Saturday, October 16, 2010

Wouldn't You be Angry?

This is supposedly a banner year for the angry voter. For over a year now, we have all heard and read stories about highly-compensated wall street executives, once supporters of Obama's 2008 presidential campaign, who are resentful of the way they have been portrayed by the Obama White House. They claim to be alienated by the financial reform legislation that made it through Congress, legislation that establishes consumer protection guarantees, provides the government with new tools for protecting taxpayers, and prevents financial firms from taking the types of risks that led to crisis housing meltdown in 2008. The truth is that the legislation was not even as strong as originally intended. Certain types of risky credit derivatives can still be traded “in-house” by the firms, instead of within newly created affiliate entities designed to deal with the riskiest types of trading.

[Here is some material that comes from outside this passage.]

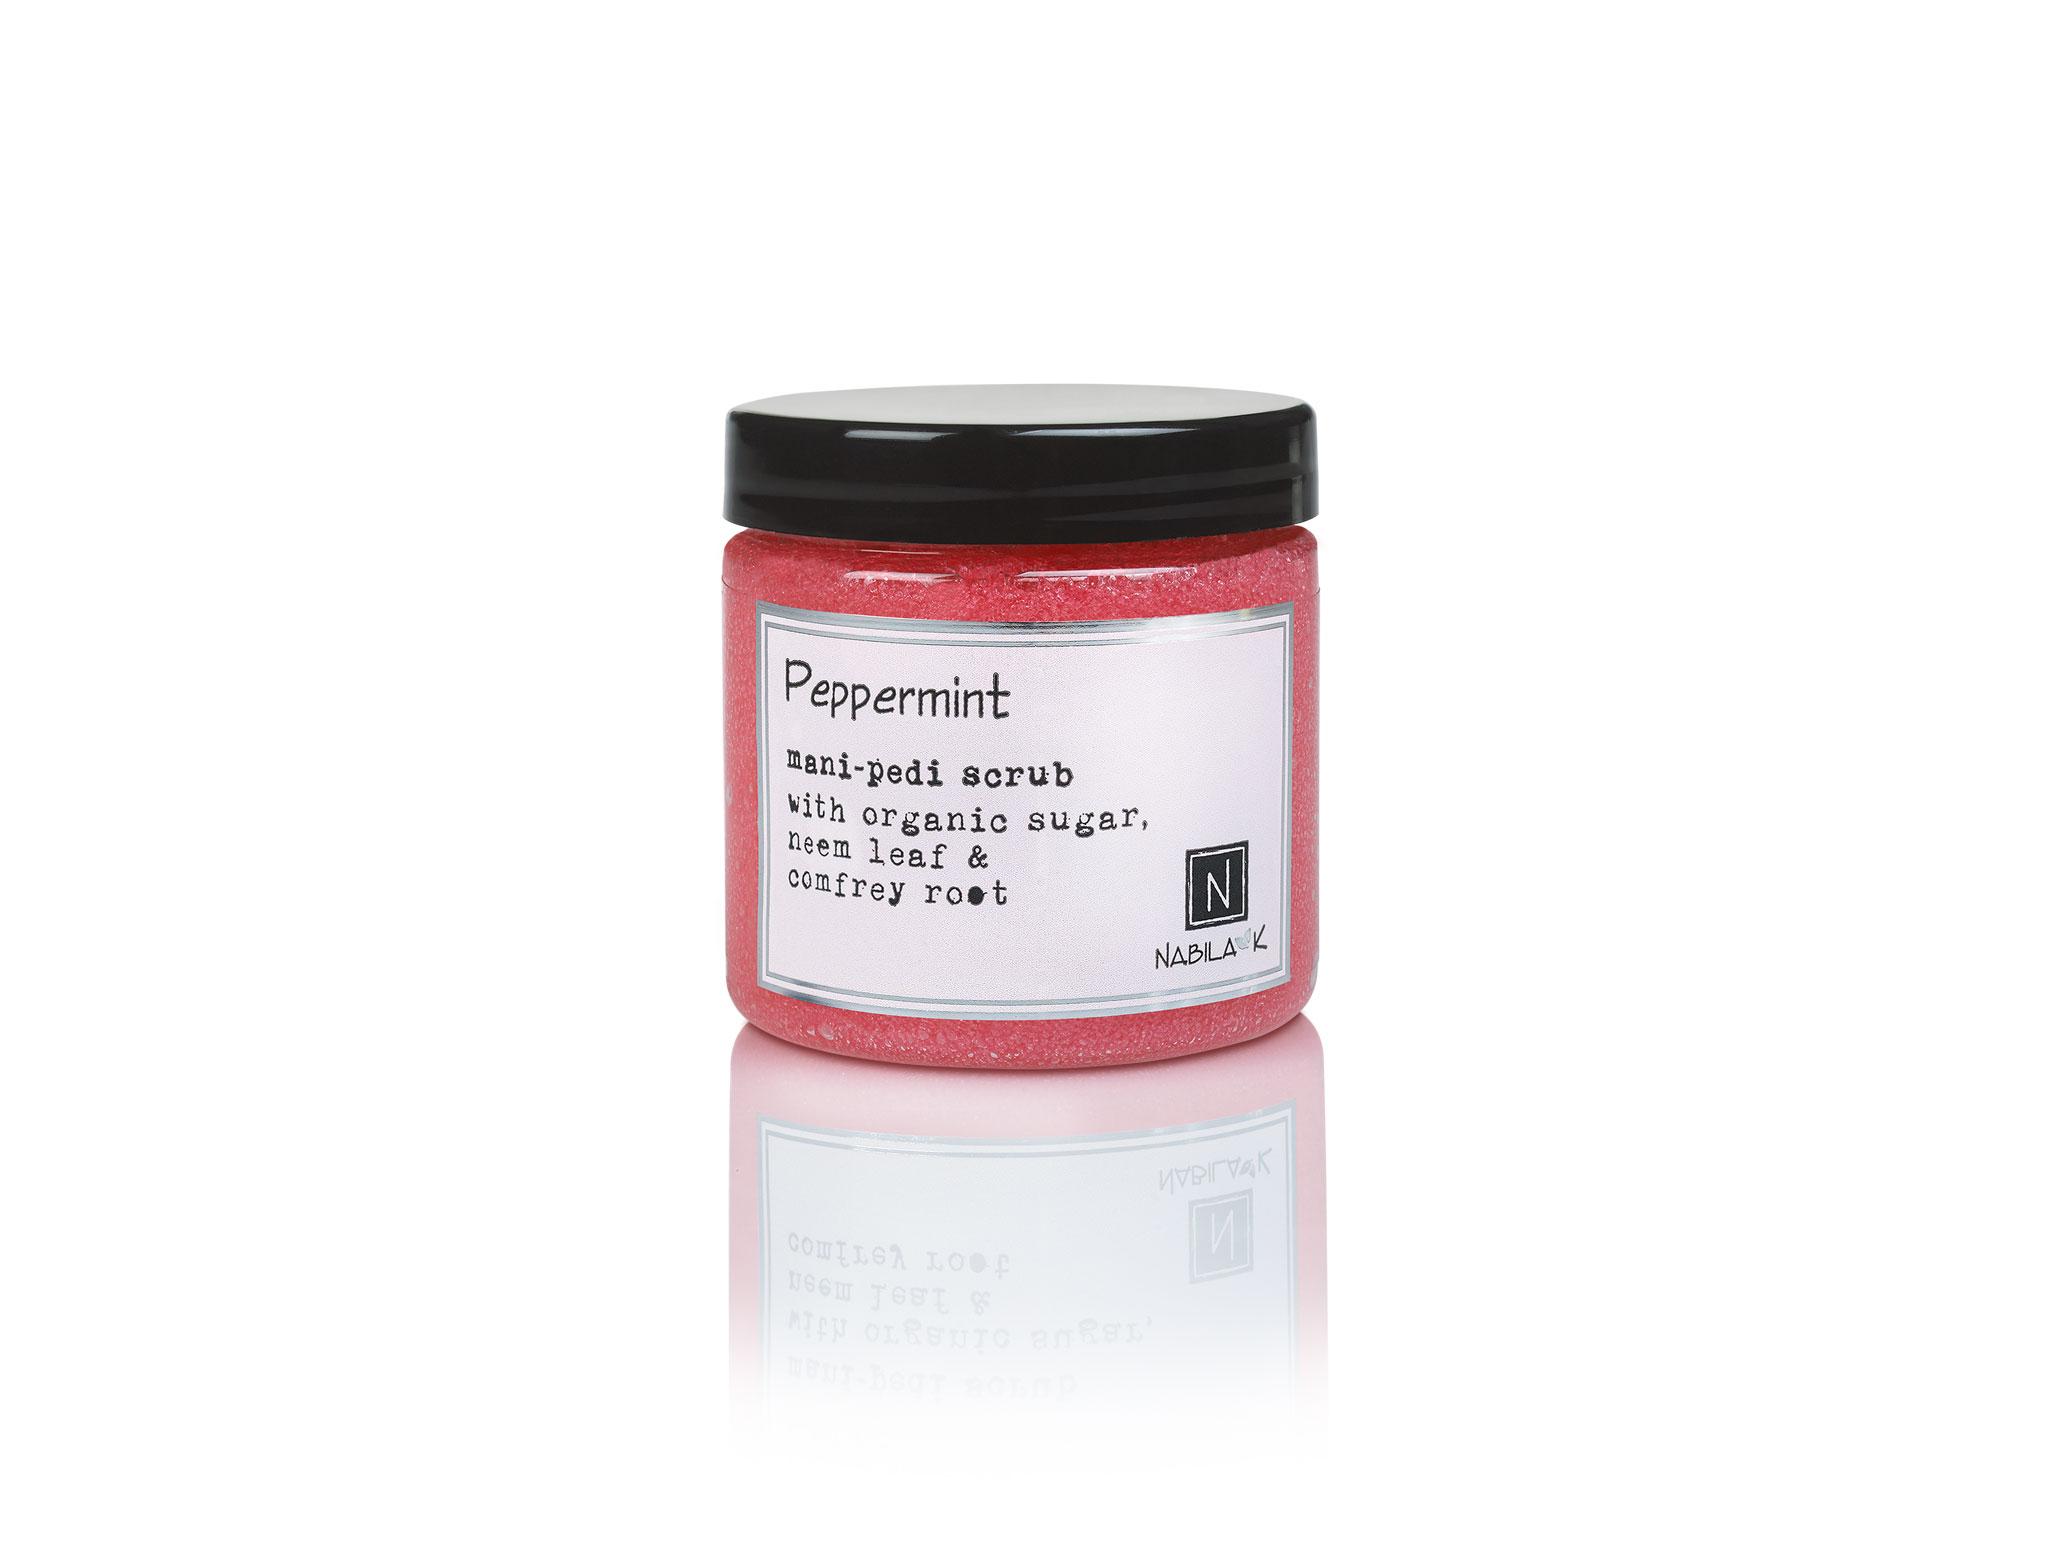 1 Jar of Nabila K's Peppermint Mani-Pedi Scrub with Organic Sugar, Neem Leaf and Comfrey Root

Be this as it may, we can all agree that the financial reform legislation represents the strongest consumer protections enacted in recent decades. This was incredibly necessary legislation; this country simply cannot afford another meltdown like what occurred in the mortgage industry two years ago. Although I do not side with them, I can understand why certain Wall-Street executives would be unhappy. These people want to make money, and they are paid outrageous sums to lead their firms as far into the black as possible. Any legislation that makes it more difficult to do this will be generally abhorred on Wall Street.


More recently however, anger within the highest tax brackets has been focused on the (hopefully) inevitable expiration of the Bush tax cuts. The rage among the rich has grown louder, more widespread, and harder for me to understand.


By almost any statistical measure, the income gap between the richest people in this country and the less-fortunate is increasing. Not coincidentally, this widening is correlated with the decrease in the highest marginal tax rate seen since the '70s. The classic case for tax cuts is that they benefit middle-income Americans and lead to the vaunted “trickle-down” effect. Come on. There is no way that all of the ardent condemnations of tax increases are from wealthy business-owners afraid that raising their taxes might hurt the profitability of their business. With the political structure we have, wealthy people have a disproportionate ability to effect politics through campaign contributions and smoozing with politicians, and movement conservatism provides them the robust structure necessary to make their views widespread.


Right now, there a record amount of Americans are in deep poverty. If the wealthiest Americans get their way with tax policy, what does that say about how our elections work? Hundreds of millions of dollars are spent in Washington every year by Conservative think-tanks to advance tax policies that are driven by the richest people in the country. I don't necessarily think that the highest marginal tax bracket needs to go back to where it was in the '40s and '50s, but the amount of anger and whining being spewed by conservatives about taxes is discouraging.


I agree much as the next person that the American Dream should be earned by hardworking Americans, but if the gap between the haves and have-nots keeps rising as it has been, poor Americans are going to be worse off for it. That much just seems obvious. As a Democrats and Progressive, I don't think that the wealthiest 1% of this country should get to keep the Bush tax cuts. If they do, I won't be able to shake the notion that their wealth makes them different from someone like me and especially from millions of poor Americans who don't have nearly as many opportunities as I do.